The crew began to perform a series of diagnostic checks, relying on a computer which had been installed directly into the cockpit by the engineers from Israel Aerospace Industries. Miller drank from a bottle of water as the flight engineer ran through a checklist he had on a clipboard at his station. Twenty minutes later, the flight engineer made a comment that caught Miller’s ear. “This isn’t good.” A discussion followed that lasted several minutes.
“Get through the rest of your checklist and then we can come back to this,” Miller said. After another 45 minutes, the flight engineer repeated the routine that had prompted the earlier discussion.
“Negative function. It’s not working.”
Miller buried his forehead into his left palm, his large hand massaging his own scalp. “Talk to Olympus and let them know. I need to walk around.” Jim Miller worked his body out of the captain’s seat and was quickly onto the concrete floor of the hanger. He walked around the plane inspecting the landing gear and tires in particular. They had a full complement of skilled mechanics to address any problem — so long as it was a problem found on any normal Ilyushin 76.
After about ten minutes the flight engineer emerged from the fuselage and called the captain over. “They want you back. The jet is waiting outside. They are sending a couple of experts over in the morning.”

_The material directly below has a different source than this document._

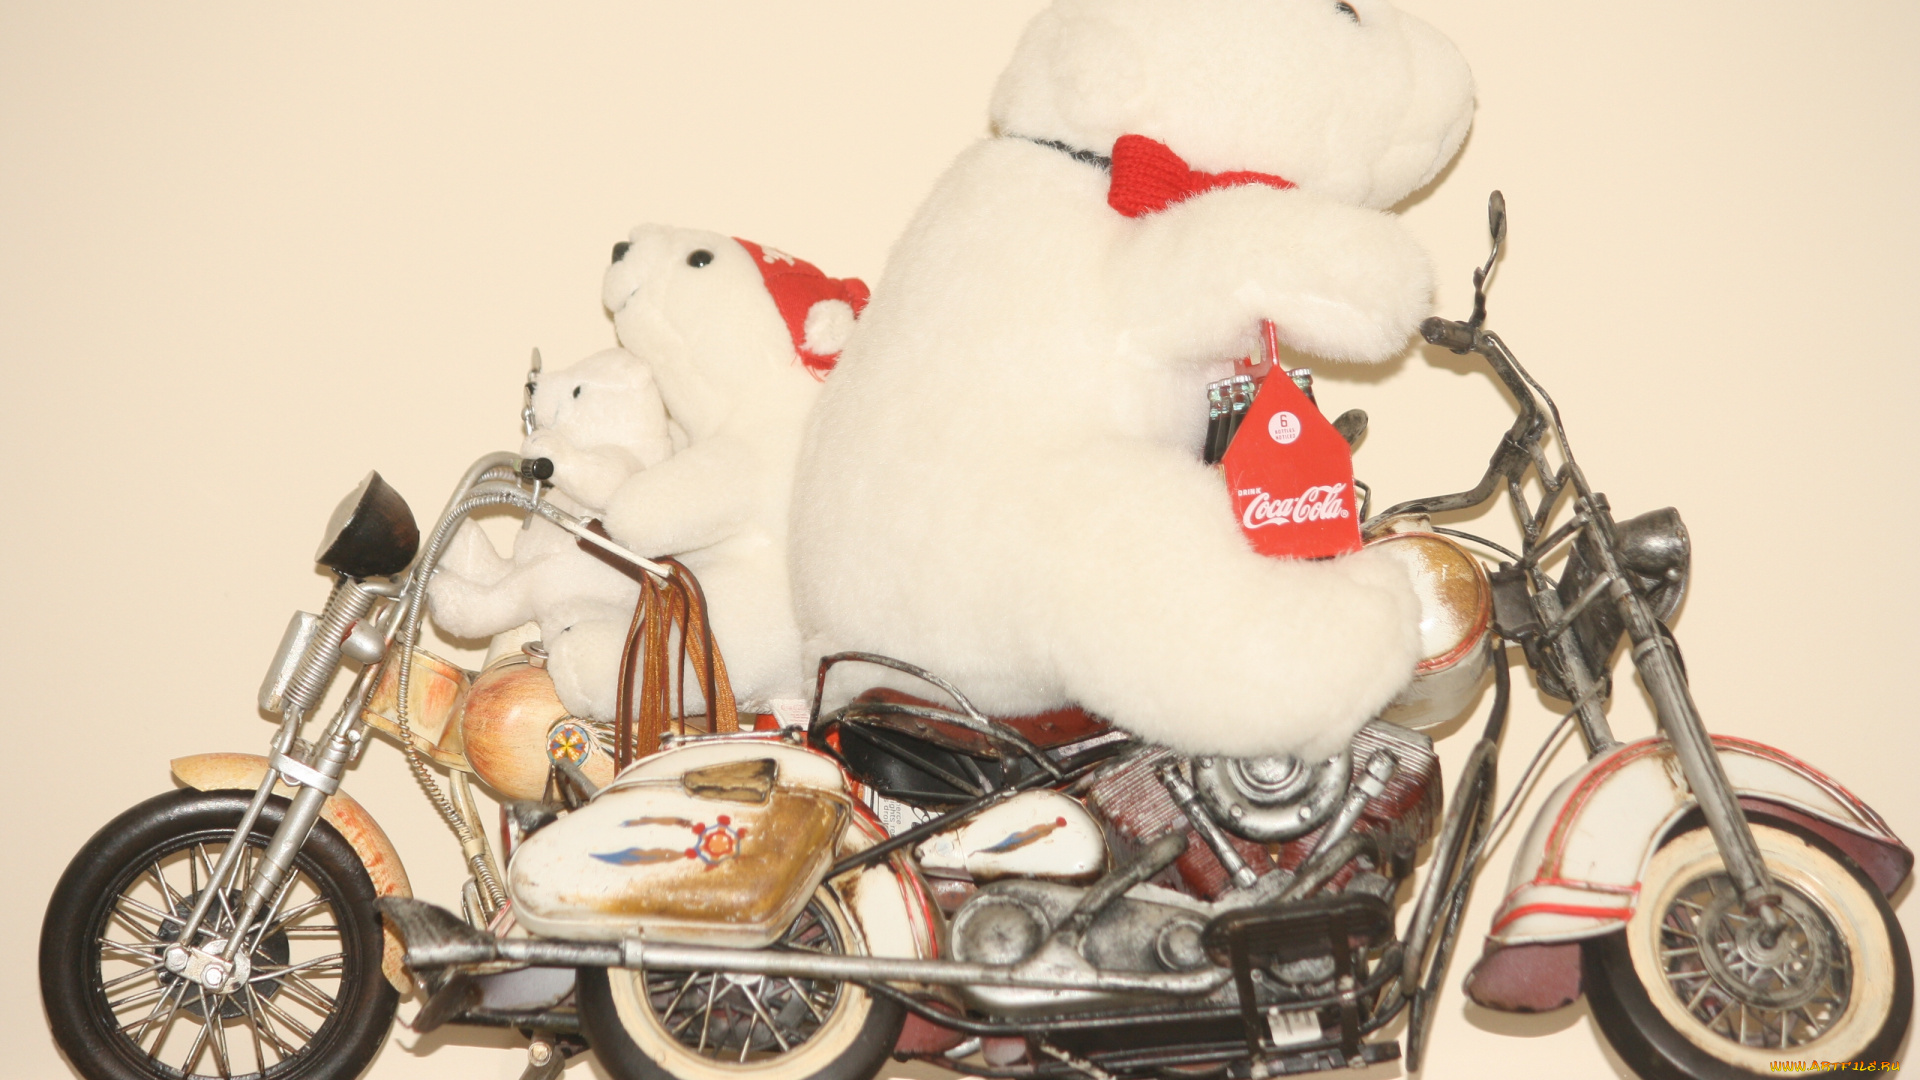 разное, игрушки, coca-cola, плюшевый, медведь, мотоцикл
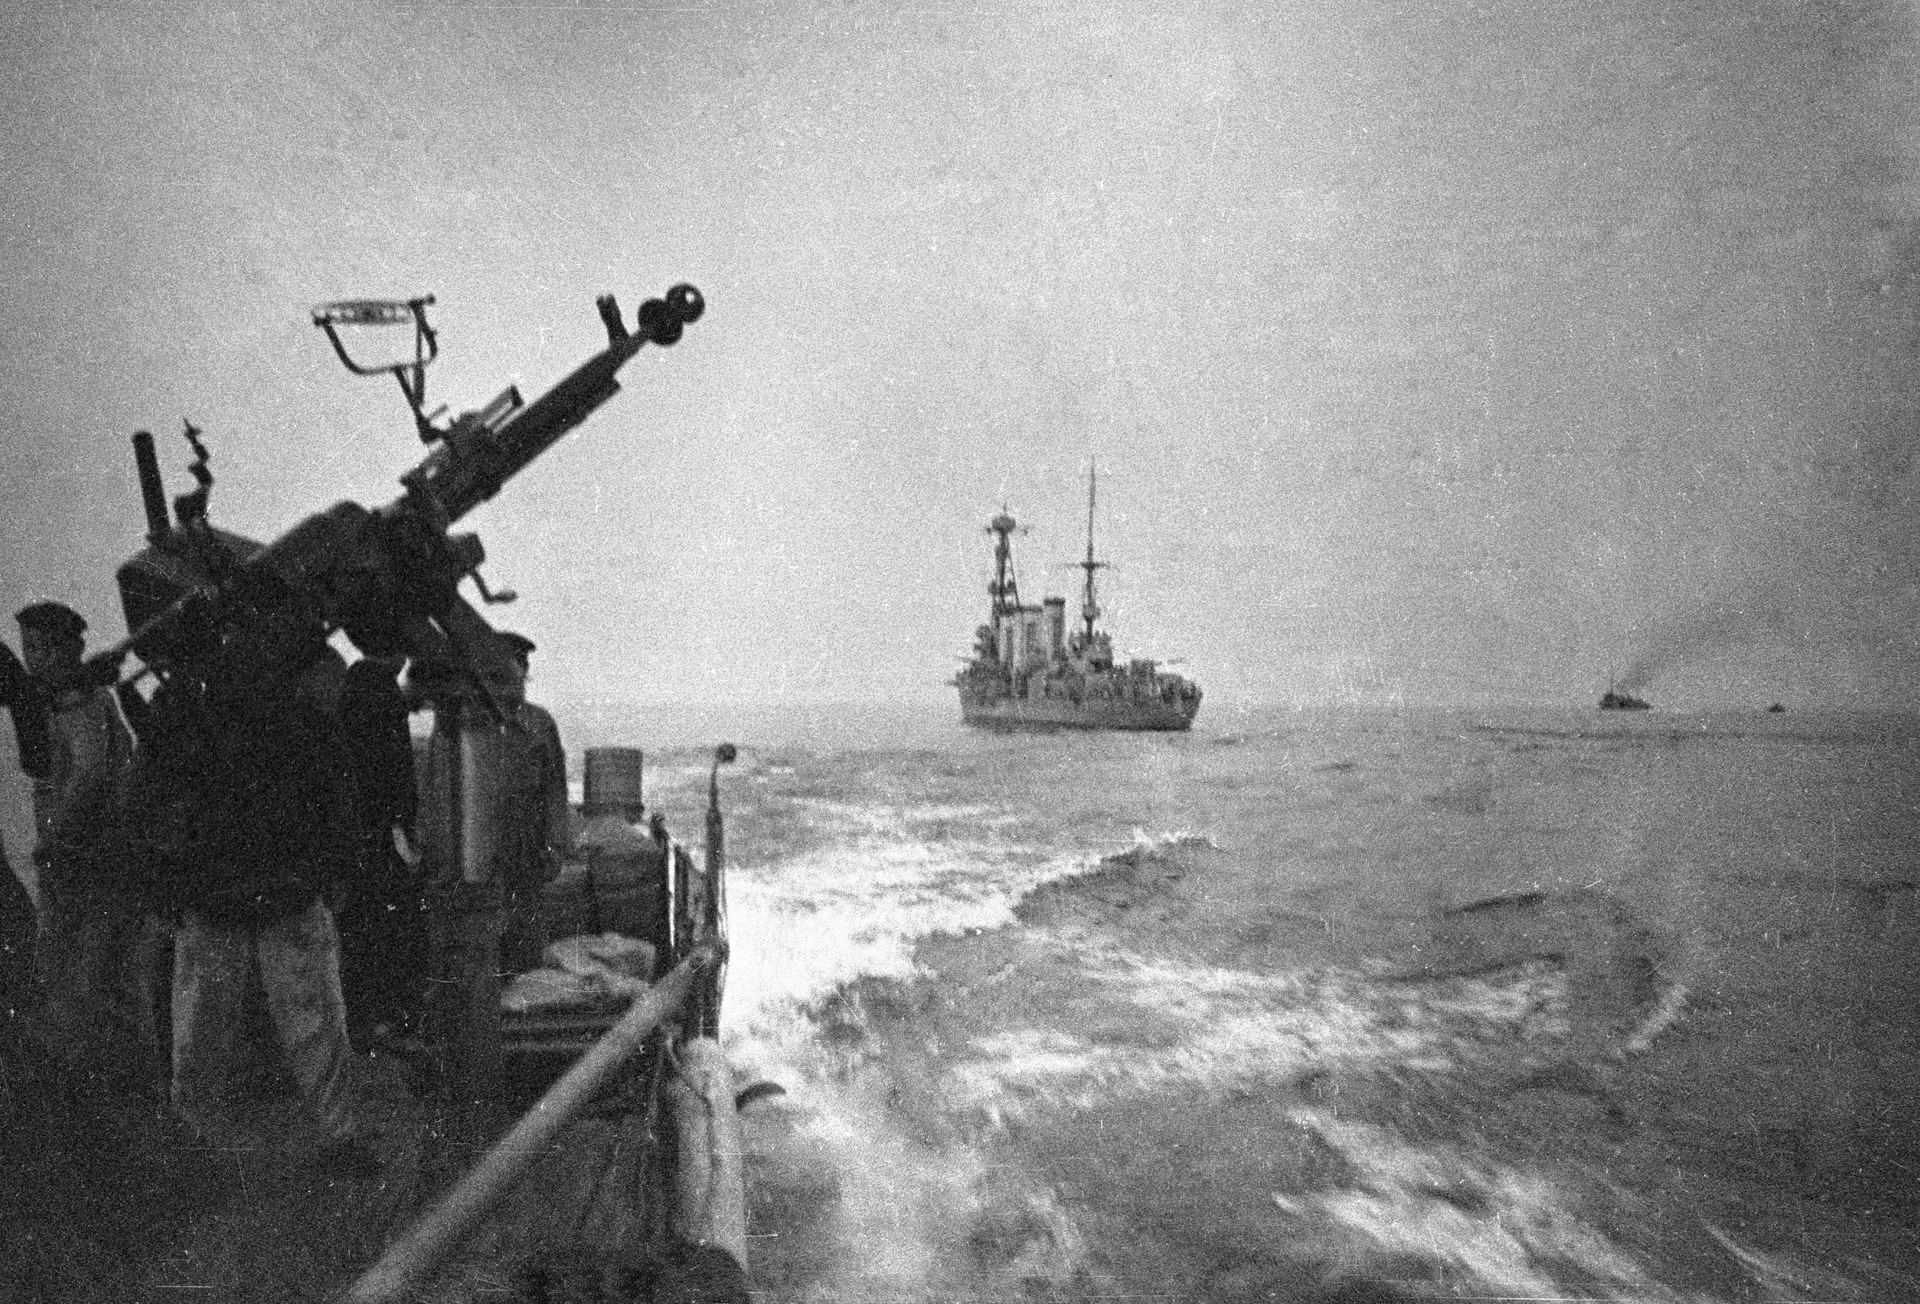 Пулеметчики военного корабля отражают атаку авиации противника - РИА Новости, 1920, 03.08.2021

Captain Jim Miller was airborne again within twenty minutes, this time as a passenger in the back of Dassault Falcon corporate jet. He slept on and off, short catnaps as the plane made its way west. The plane passed over Israel and headed out into the Mediterranean on a path that would take it to Italy, and then abruptly turned back to the east to land at Sde Dov Airport north of Tel Aviv.
Jim Miller walked into a conference room at Mount Olympus at one in the afternoon on October 5. It was a scheduled review for the two critical pilots of Block G on a day when everything that was occurring was scheduled down to the minute. Oleg Kolikov and four other men were in the small room seated around the table. All six were scheduled to fly the two Ilyushins — one now on a tarmac in Luhansk and the other in a hanger at Ras Al-Khaimah — later that night. Only they would fly the planes from remote control “cockpits” set up next to each other in a room just down the hall from the conference room they now occupied. Each plane would be flown by a flight engineer, a pilot and either Captain Kolikov in command of the Luhansk flight or Captain Miller in command of Ras Al-Khaimah flight. The role of each of the two captains was to use their experience over the last couple of years of flying in, over and around Iran to communicate with air traffic control personnel. The two flights later that night had to appear to be as routine as possible.